Every line of the listing below is to be repeated exactly; the pictures stay out.

> [EXERCISE DATA]

______

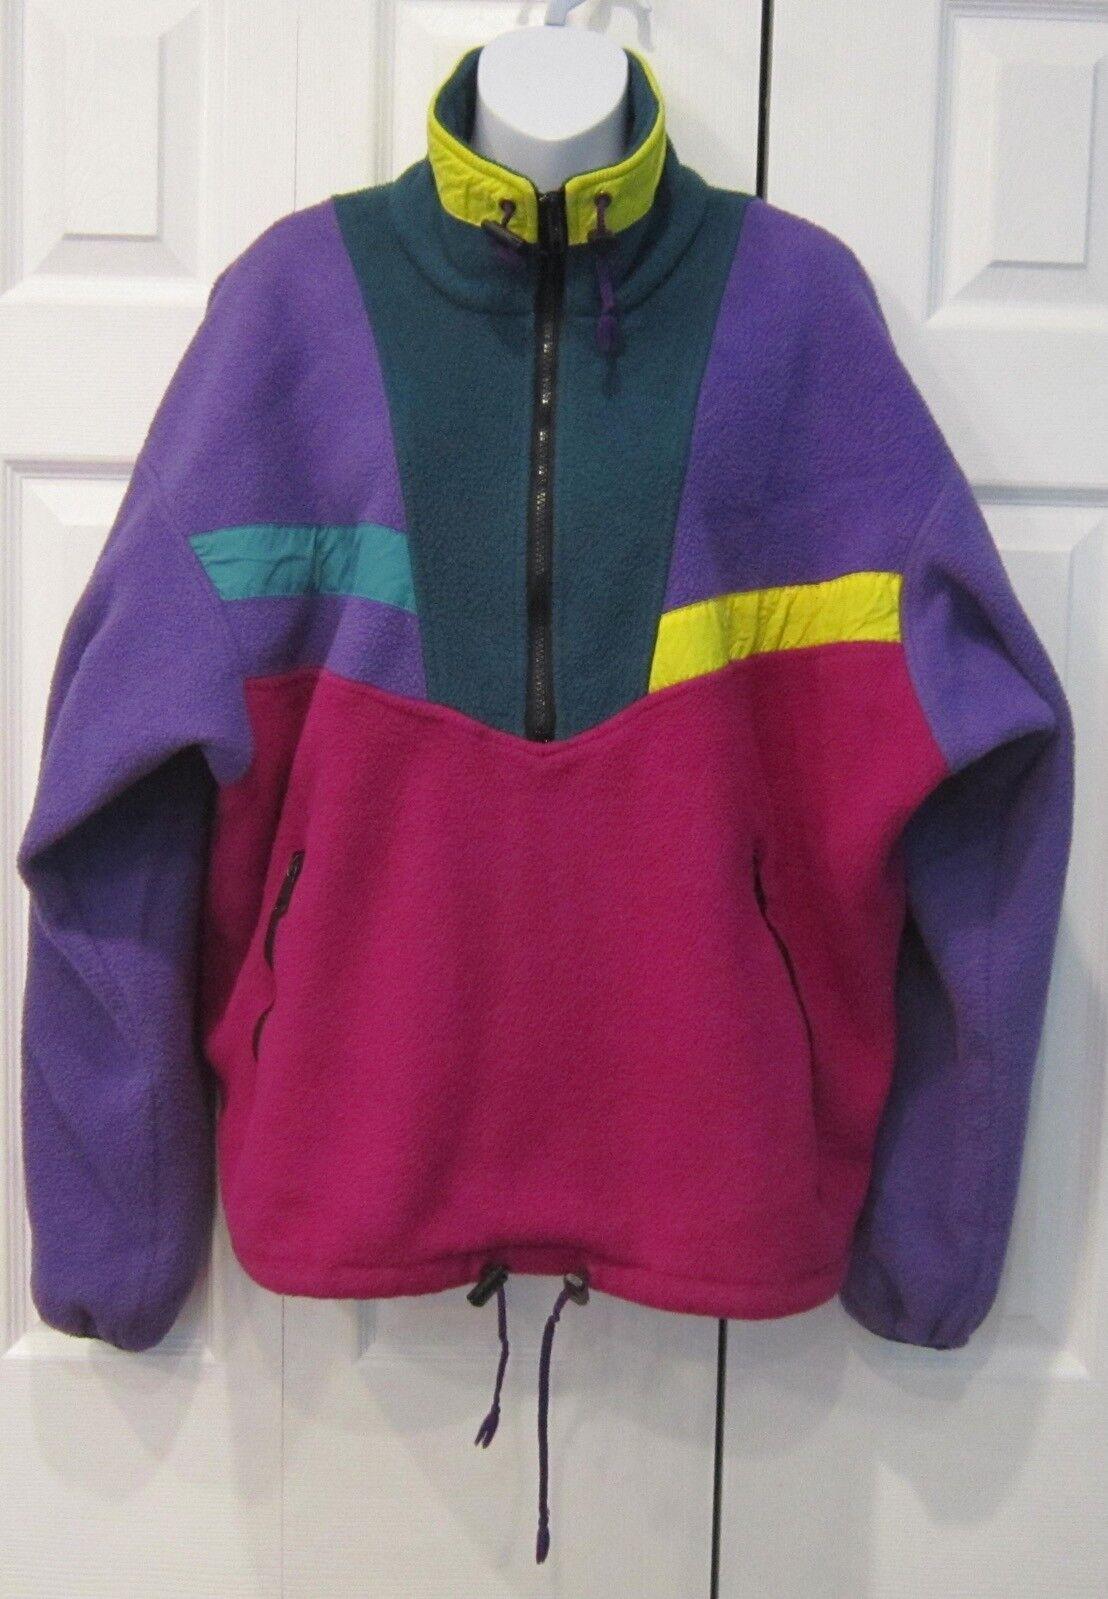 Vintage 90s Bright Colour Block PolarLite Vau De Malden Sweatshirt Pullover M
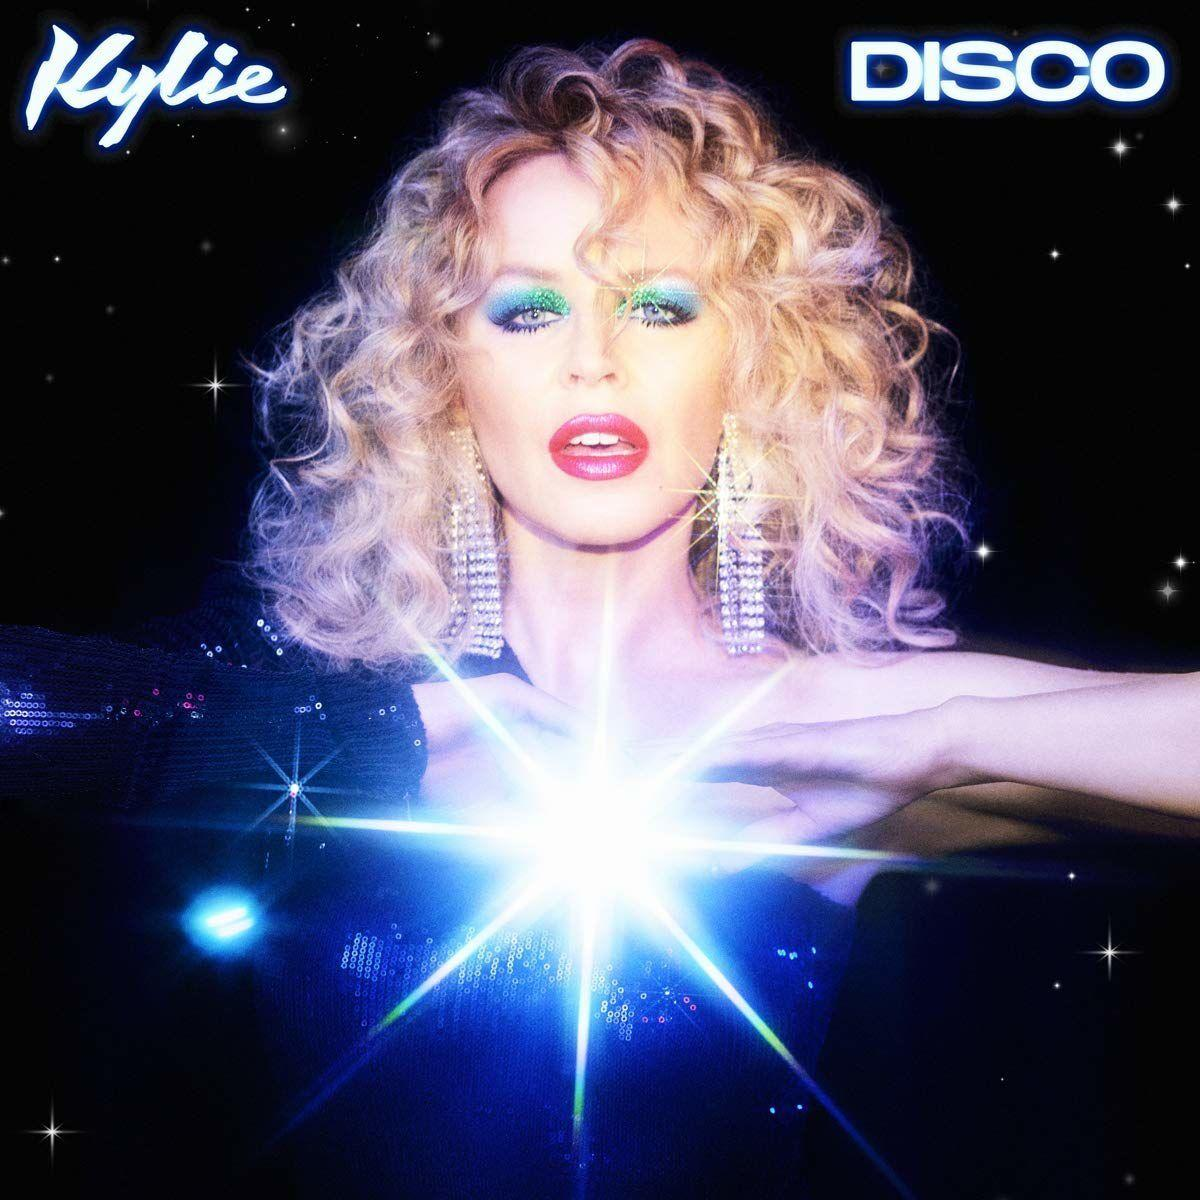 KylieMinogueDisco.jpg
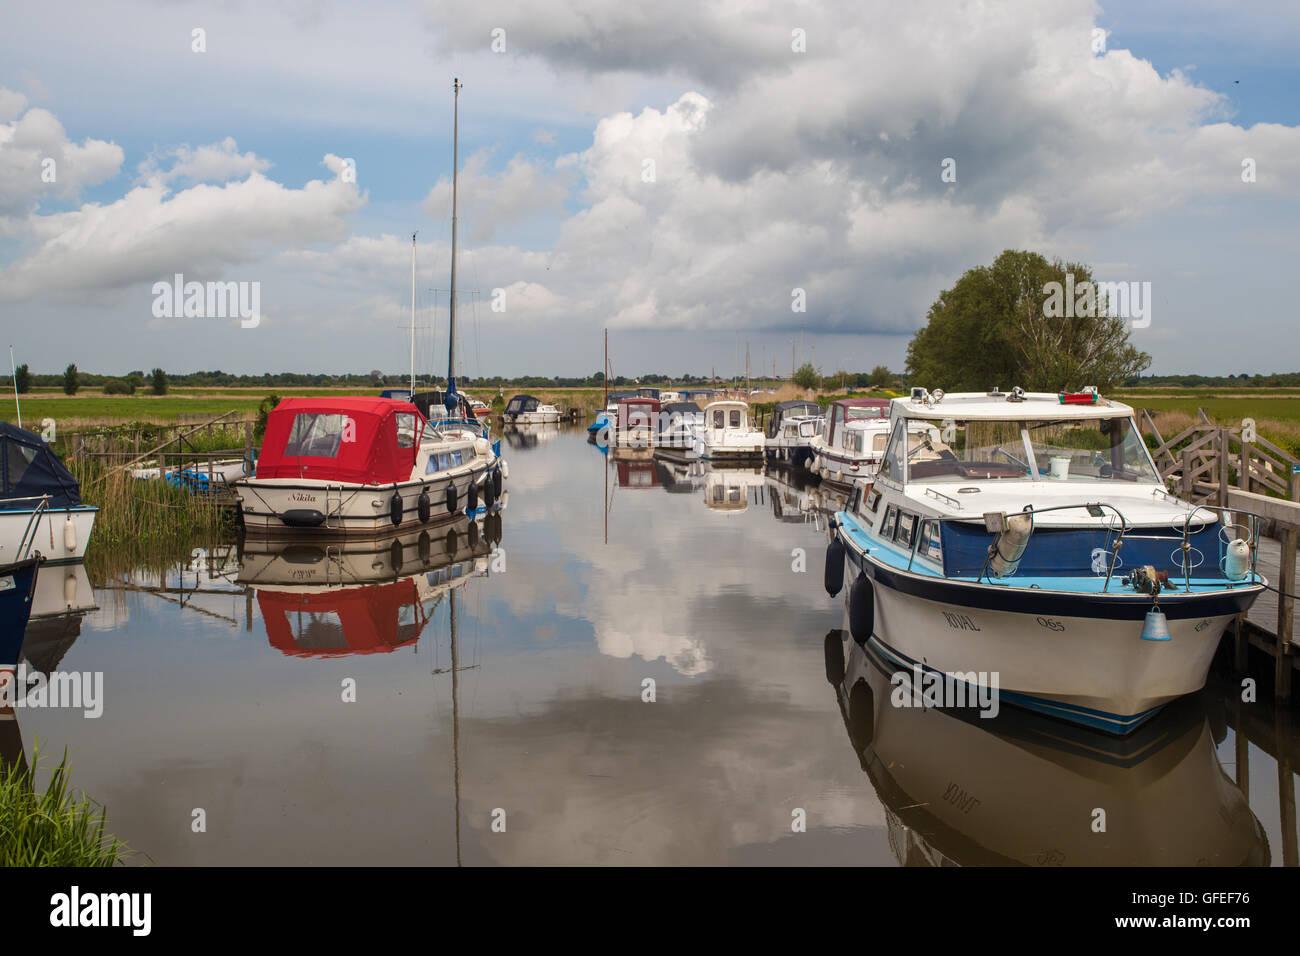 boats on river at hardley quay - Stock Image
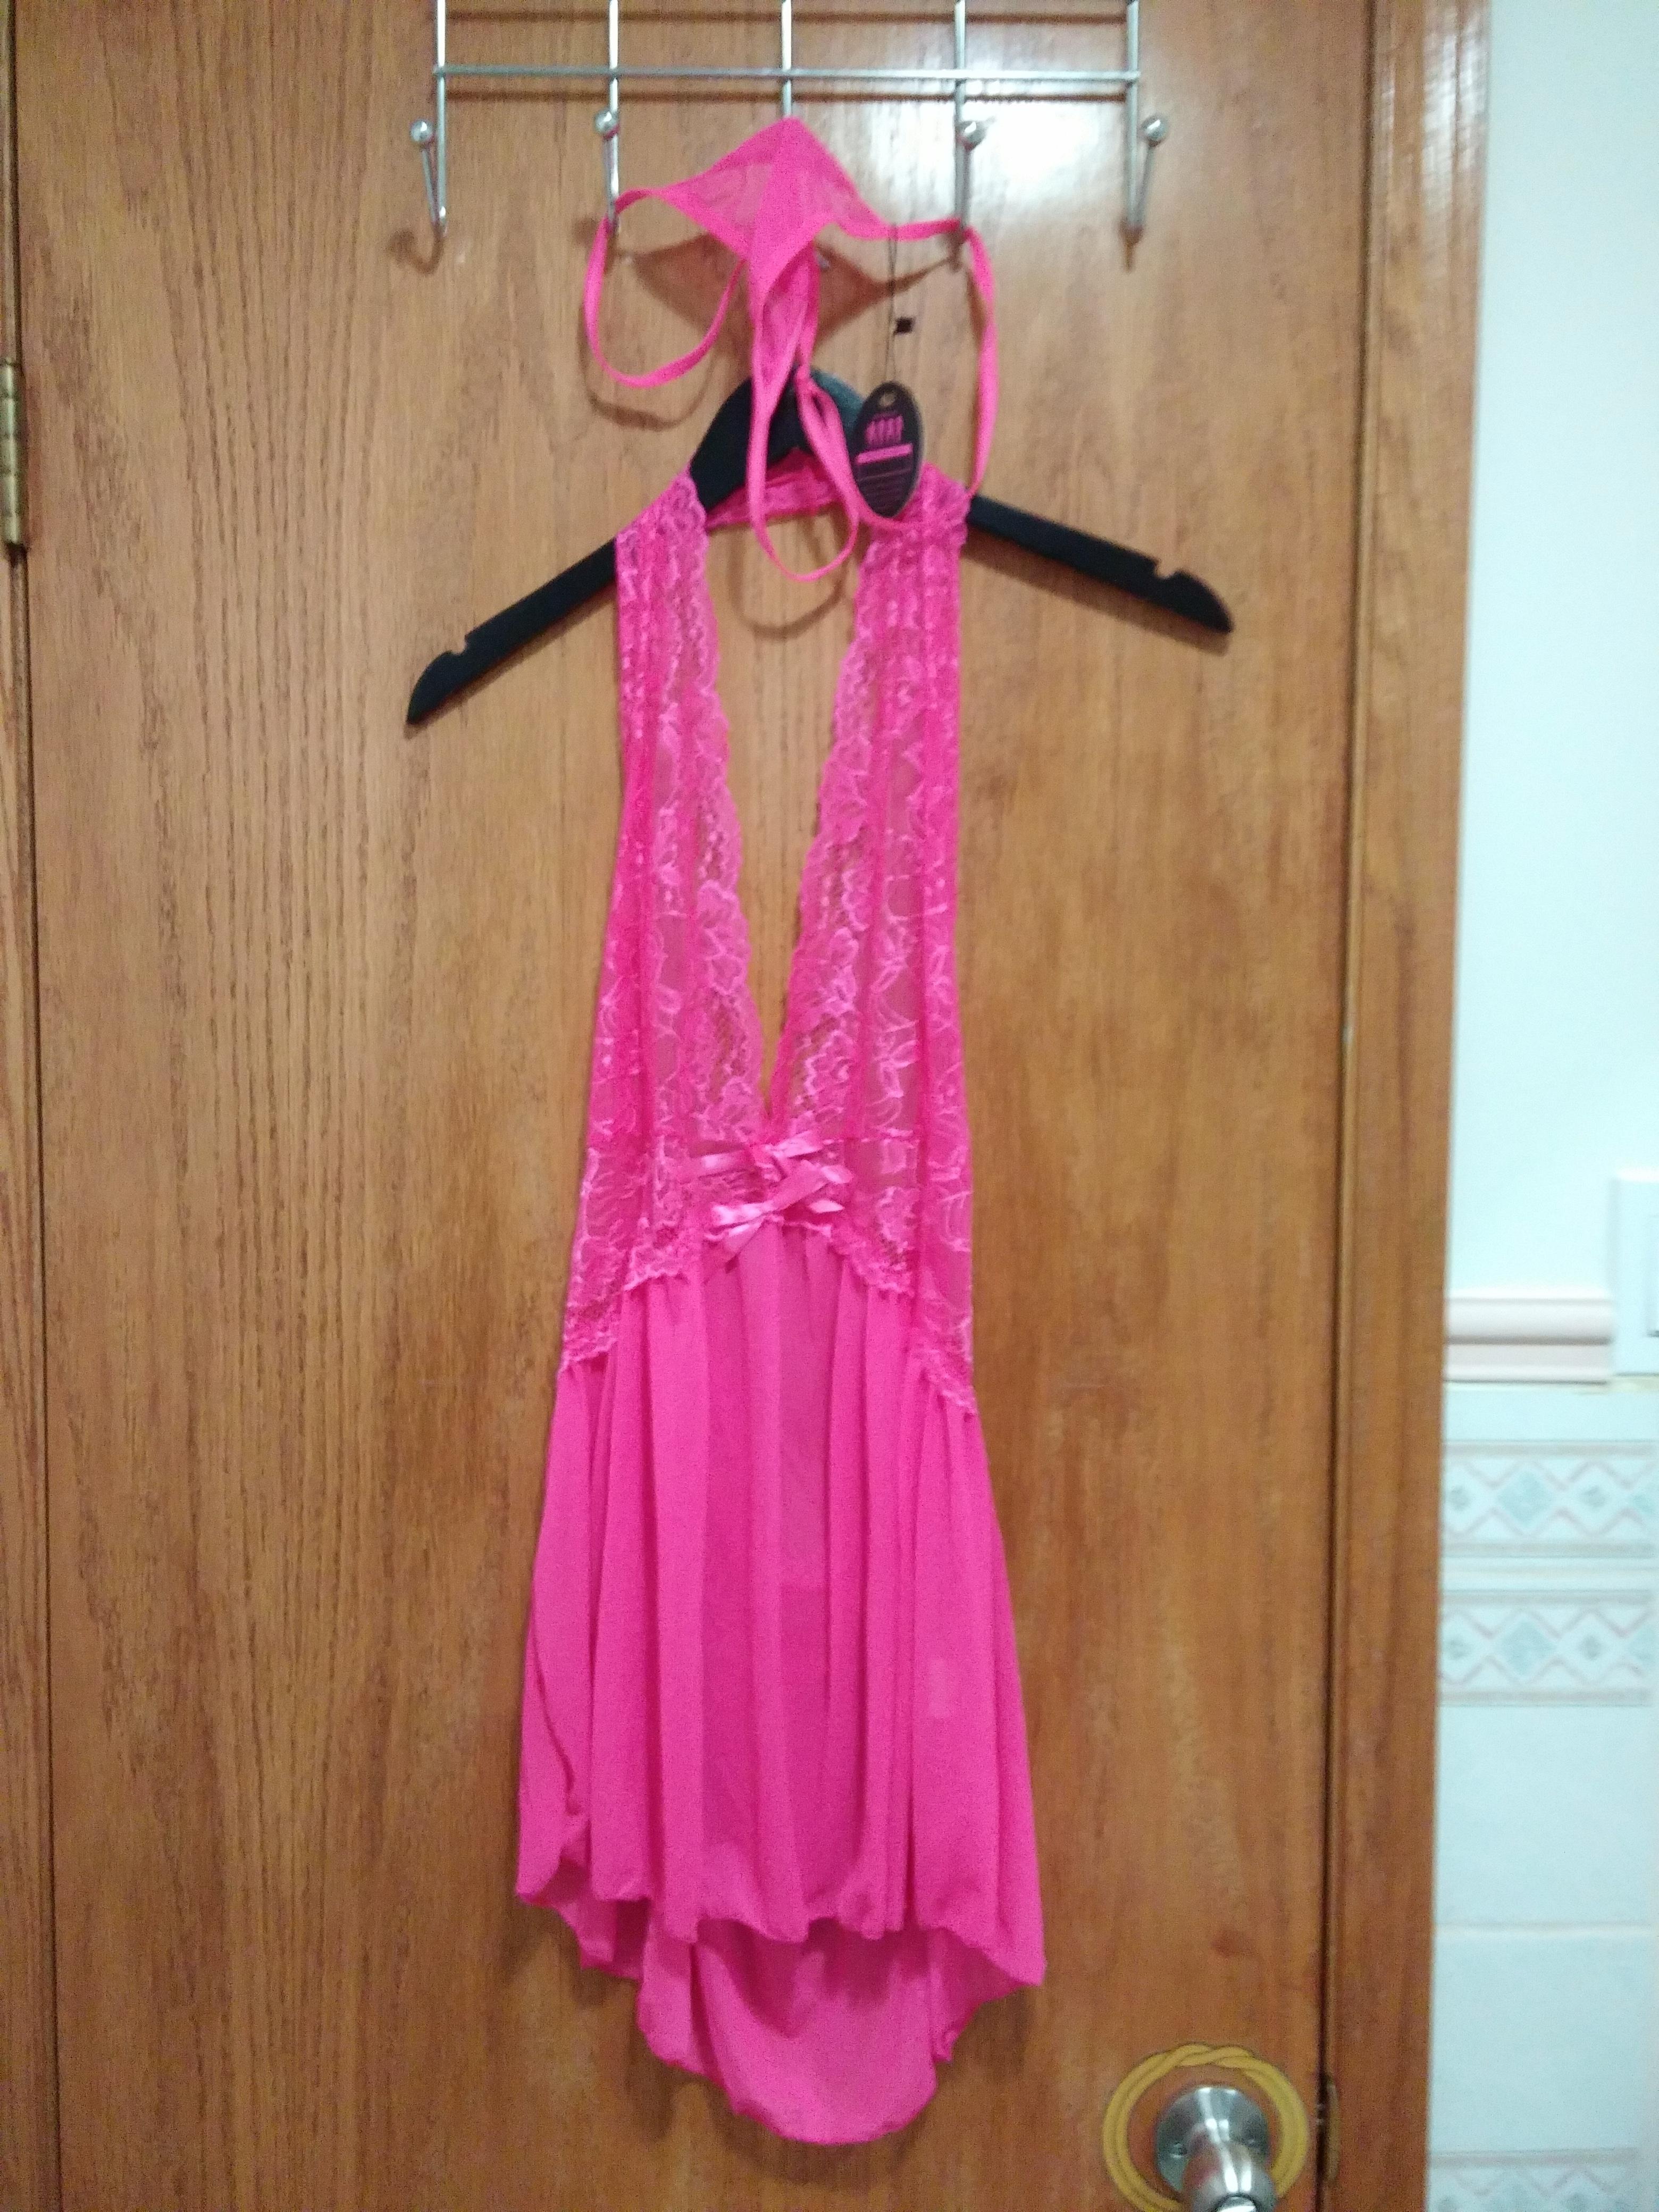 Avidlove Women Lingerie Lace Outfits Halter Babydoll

______

> [EXPECTED OUTPUT]
 Vintage 90s Bright Colour Block PolarLite Vau De Malden Sweatshirt Pullover M
 KylieMinogueDisco.jpg
 boats on river at hardley quay - Stock Image
 Avidlove Women Lingerie Lace Outfits Halter Babydoll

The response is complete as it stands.